Was ist ESS?
Self Service für Mitarbeiter – auch Employee Self Service, kurz ESS, genannt – ermöglicht es Mitarbeitern, personalbezogene Vorgänge selbst digital zu bearbeiten sowie eigene Personal- und Zeitdaten einzusehen.
Die wichtigsten Funktionen im Überblick
| Bereich | Mitarbeiter können… |
| Zeiterfassung | Arbeitszeiten am Arbeitsplatz oder mobil erfassen |
| Anträge, Meldungen und Korrekturen | Urlaub und andere Abwesenheiten beantragen, eine Arbeitsunfähigkeit und deren voraussichtliche Dauer melden sowie Korrekturen bei der Arbeitszeiterfassung digital übermitteln |
| Arbeitszeitbuchungen und Kontostände | Eigene Arbeitszeitbuchungen sowie den aktuellen Stand ihrer Zeit- und Urlaubskonten abrufen |
| Persönliche Daten | Ausgewählte Stammdaten prüfen oder Änderungen beantragen |
Welche Daten und Funktionen zur Verfügung stehen, wird über Rollen und Berechtigungen festgelegt. So erhalten Mitarbeiter mit dem Self Service ausschließlich Zugriff auf die für sie freigegebenen Bereiche.
Management Self Service: Self Service für Führungskräfte
Der Management Self Service – kurz MSS – ergänzt den Employee Self Service aufseiten der Führungskräfte. Über ihn prüfen und genehmigen sie beispielsweise Urlaubsanträge oder Zeitkorrekturen der Mitarbeiter. Zudem können sie Team-Kalender und Fehlzeiten überblicken sowie Auswertungen zu den Arbeitszeiten ihres Teams abrufen. Auch die Zeitdaten der Mitarbeiter inklusive Zuschläge können sie einsehen. Die Zugriffsrechte sind auf den jeweiligen Verantwortungsbereich abgestimmt.
Welche Vorteile bietet der Self Service?
Für Mitarbeiter: Eigene Anliegen lassen sich eigenständig und ohne Umwege bearbeiten, während wichtige Informationen jederzeit nachvollziehbar bleiben. Das erleichtert die Organisation im Arbeitsalltag.
Für Führungskräfte: Klare digitale Genehmigungswege vereinfachen die Abstimmung und ermöglichen zeitnahe Entscheidungen. Gleichzeitig behalten Führungskräfte auch bei größeren oder auf mehrere Standorte verteilten Teams den Überblick.
So profitieren alle Beteiligten von transparenten Abläufen.
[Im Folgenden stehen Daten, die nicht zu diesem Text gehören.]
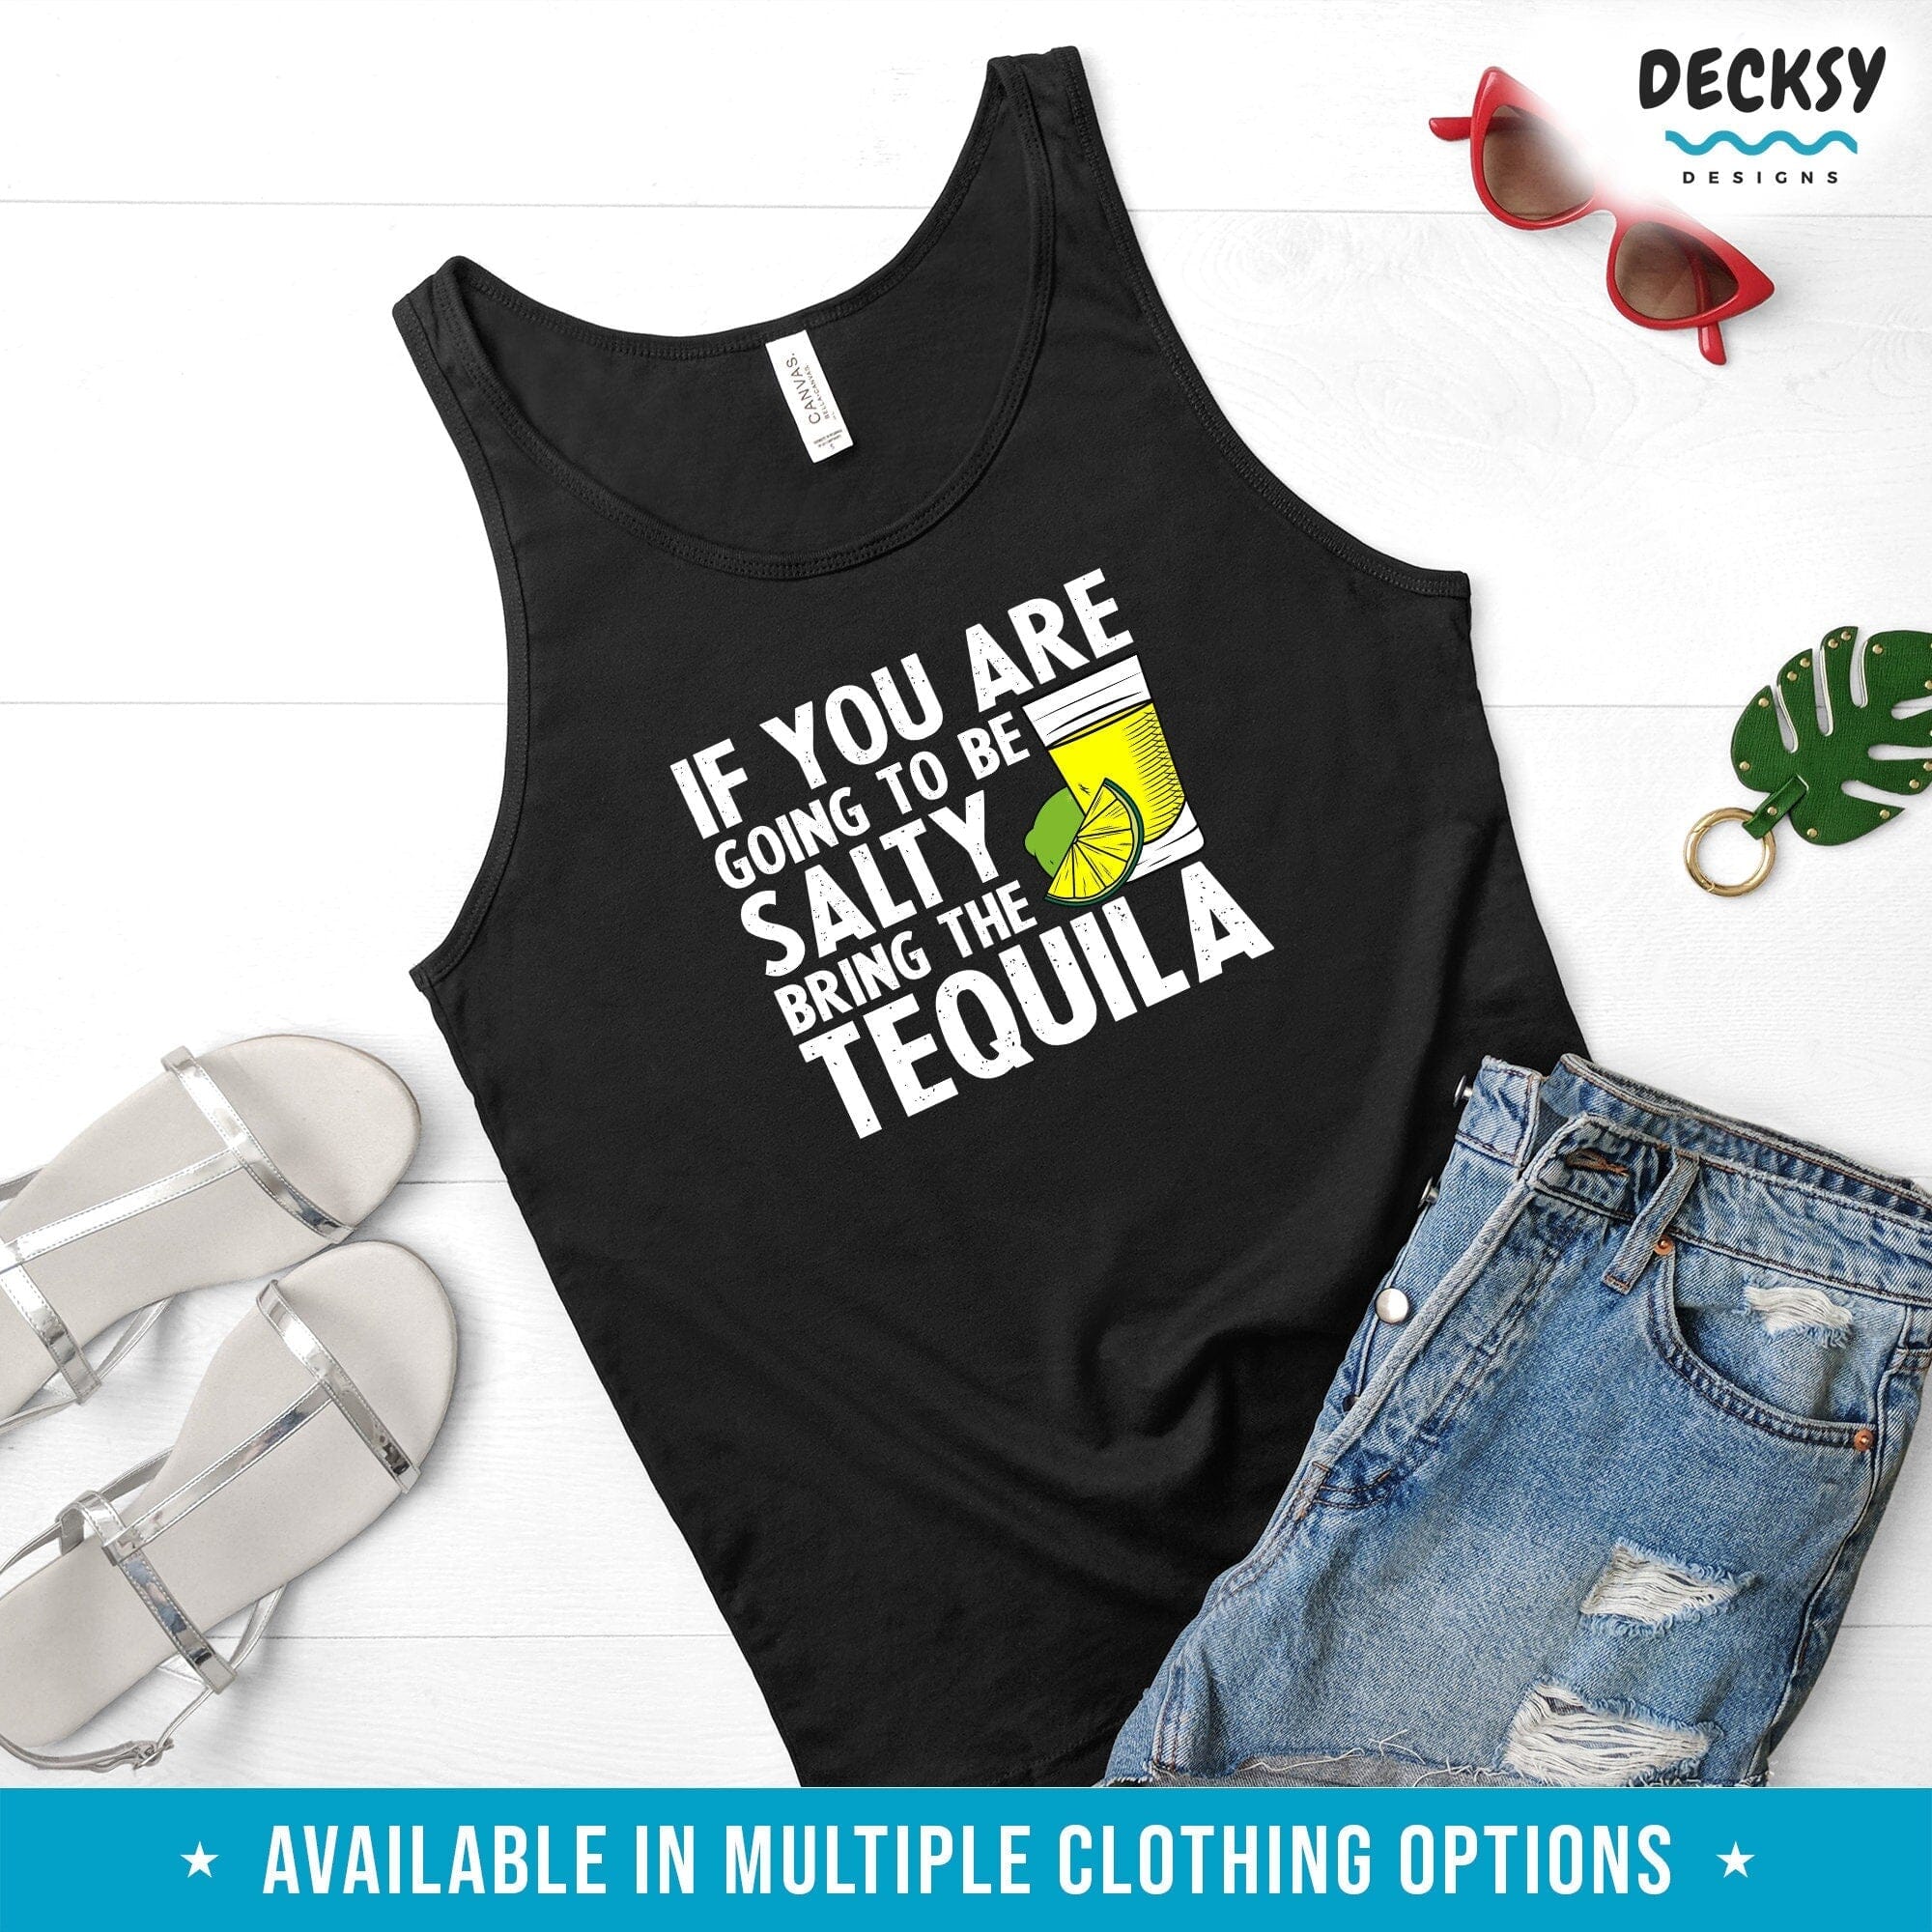 Tequila T Shirt, Sassy Party Gift-Clothing:Gender-Neutral Adult Clothing:Tops & Tees:T-shirts:Graphic Tees-DecksyDesigns

Employee Self Service einführen: Darauf kommt es an
1. Funktionen und Abläufe passend gestalten
Zunächst sollte geklärt werden, welche Anliegen die Mitarbeiter künftig über den Self Service bearbeiten sollen. Entscheidend ist, dass Prozesse, Rollen und Genehmigungswege sinnvoll aufeinander abgestimmt sind. Eine fachkundige Beratung hilft dabei, die Anforderungen passgenau umzusetzen.
2. Den persönlichen Nutzen vermitteln
Mitarbeiter sollten rechtzeitig erfahren, warum der Employee Self Service eingeführt wird und was das für sie konkret bedeutet. Im Mittelpunkt sollte dabei der persönliche Nutzen stehen: Der Self Service ermöglicht ihnen mehr Eigenverantwortung im Arbeitsalltag.
3. Führungskräfte frühzeitig einbeziehen
Führungskräfte sollten vor dem Start wissen, welche Vorgänge bei ihnen eingehen und wie sie diese bearbeiten. Werden eingehende Anliegen von Anfang an zeitnah und zuverlässig erledigt, erleben die Mitarbeiter die neuen Abläufe als verlässlich.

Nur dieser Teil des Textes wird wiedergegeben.